Gracefully Grayson
“How would it feel to hide an enormous, important, life threatening secret from your friends, your neighbors, and maybe even members of your own family?”
We all hide secrets of some sort: secret crushes, secret fears, secret longings, but all secrets are not equal.
Sixth-grader Grayson Sender, has already faced many challenges in his life: Both parents were killed in an automobile accident when he was four, so he now lives with his aunt, uncle, and two cousins. His only friend moved away several years earlier. Grayson travels a lonely orbit both at home and at school. His loneliness is an effect of his secret: Despite his male exterior, Grayson is certain that, inside, he’s a girl.
What would it be like to be forced to inhabit the wrong body? To be unable, because of societal mores, to express one’s true self? Ami Polonsky poses these questions with delicacy and grace, as we see Grayson hide his glitter pens and gaze with envy at the purple leggings, lacy pink tops, and long flowing skirts worn by his female classmates.
No one knows Grayson’s secret. Not even his Aunt Sally and Uncle Evan. Some, though, suspect that something is “wrong” with Grayson. His cousin Jack, just one year older and angry at the world, calls Grayson “loser,” and delights in trying to make Grayson feel like the outsider he has become.

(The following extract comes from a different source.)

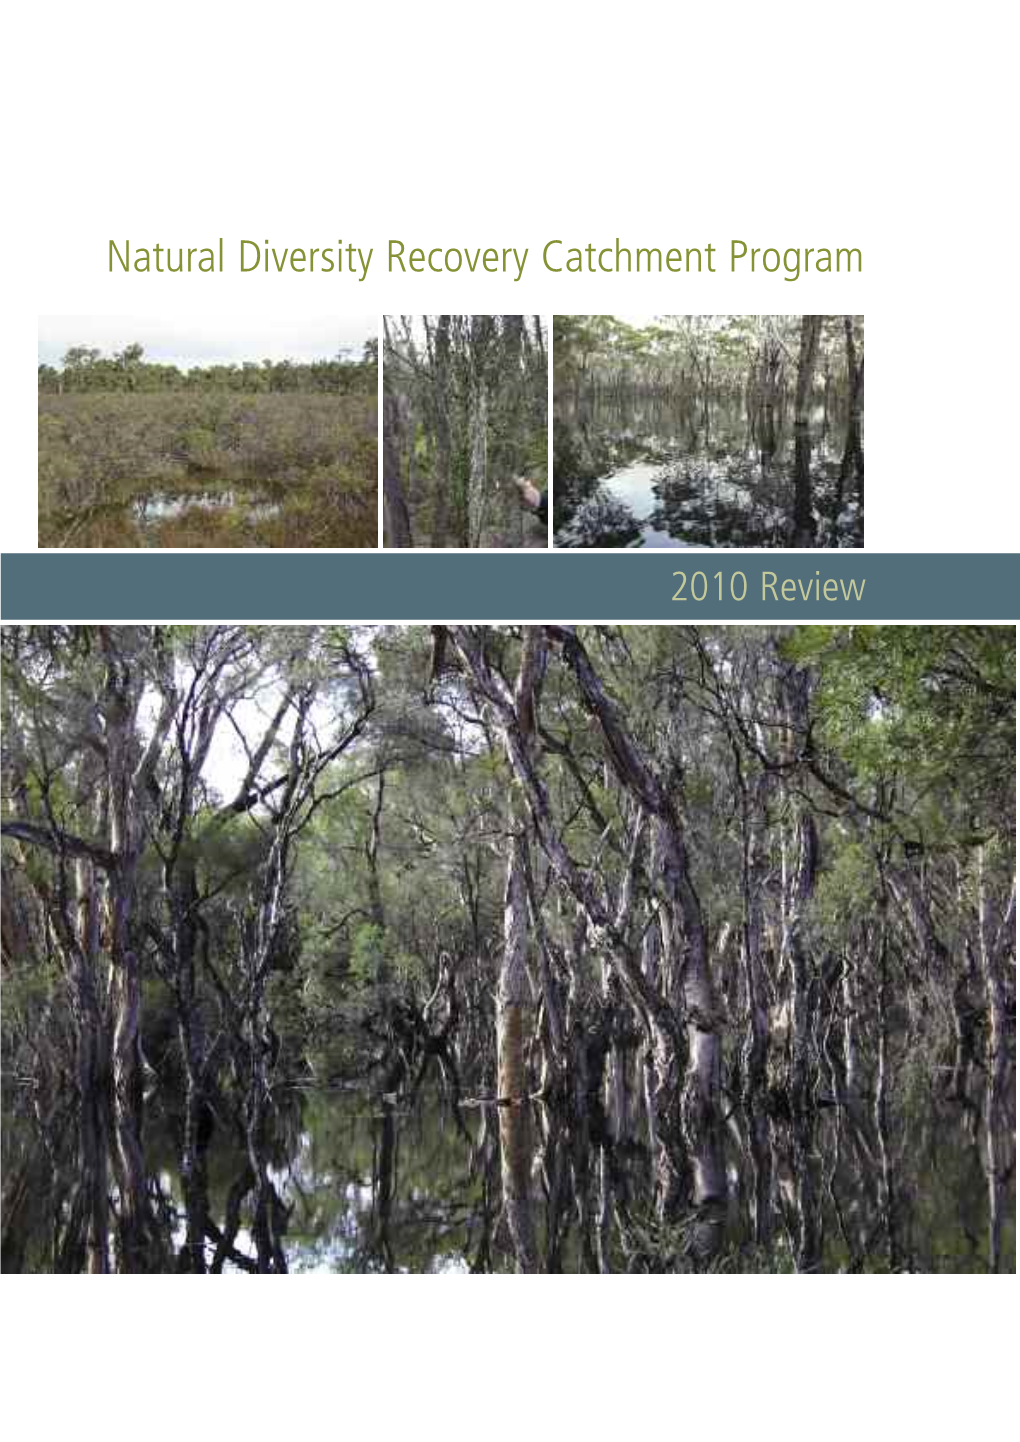 Natural Diversity Recovery Catchment Program

The one champion in Grayson’s life is his Humanities teacher, Mr. Finnegan, called “Finn” by his students (and “so gay” by Jack). Finn also directs the school plays. This year’s production is Persephone.

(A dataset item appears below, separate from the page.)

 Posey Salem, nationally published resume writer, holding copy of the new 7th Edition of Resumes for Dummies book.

In the play a young Persephone, granddaughter of Zeus, lives with her mother Demeter on Mount Olympus until she is kidnapped by Hades, god of the Underworld. Persephone’s greatest wish is to return home to her mother. Eventually, Zeus brokers a deal with Hades in which Persephone is allowed to spend half the year with her mother and half with Hades. Grayson decides to audition for the lead. He doesn’t tell anyone, giving him yet one more secret to hide from the world. His chances of success, being a sixth-grader and a boy, seem slim.
The play offers a clear parallel to Grayson’s life in that he, too, wants to return to his mother, the one person who truly understood and accepted Grayson for who he was. The role would grant Grayson several other wishes: family members who would fight for him, the chance to inhabit a female body, and, not insignificantly, the opportunity to wear, legitimately, a long flowing gown. His inside self, he reflects, would finally match his outside self. And everyone would see him as he truly was.
Not everyone in Grayon’s life wants to see this. Grayson’s Aunt Sally, afraid for his safety¾at least, that’s her stated reason¾goes to the school principal, demanding action.
Polansky does a good job of balancing her cast. Grayson’s fellow thespians, especially the girls, embrace Grayson in his role. Grayson’s male classmates are less embracing. Some adults, both male and female, understand the struggle they see raging within this young boy and reach out to him. Some do not. Or will not.
In a world where students are bullied to the point of suicide for being far less different that Grayson, some readers might anticipate a rougher road for Grayson, and a less satisfying outcome. In Gracefully Grayson, Polansky’s debut novel, she imagines and creates a better world¾not a perfect one¾but one in which change is possible and the heroine gets to return home, even if only for part of the time.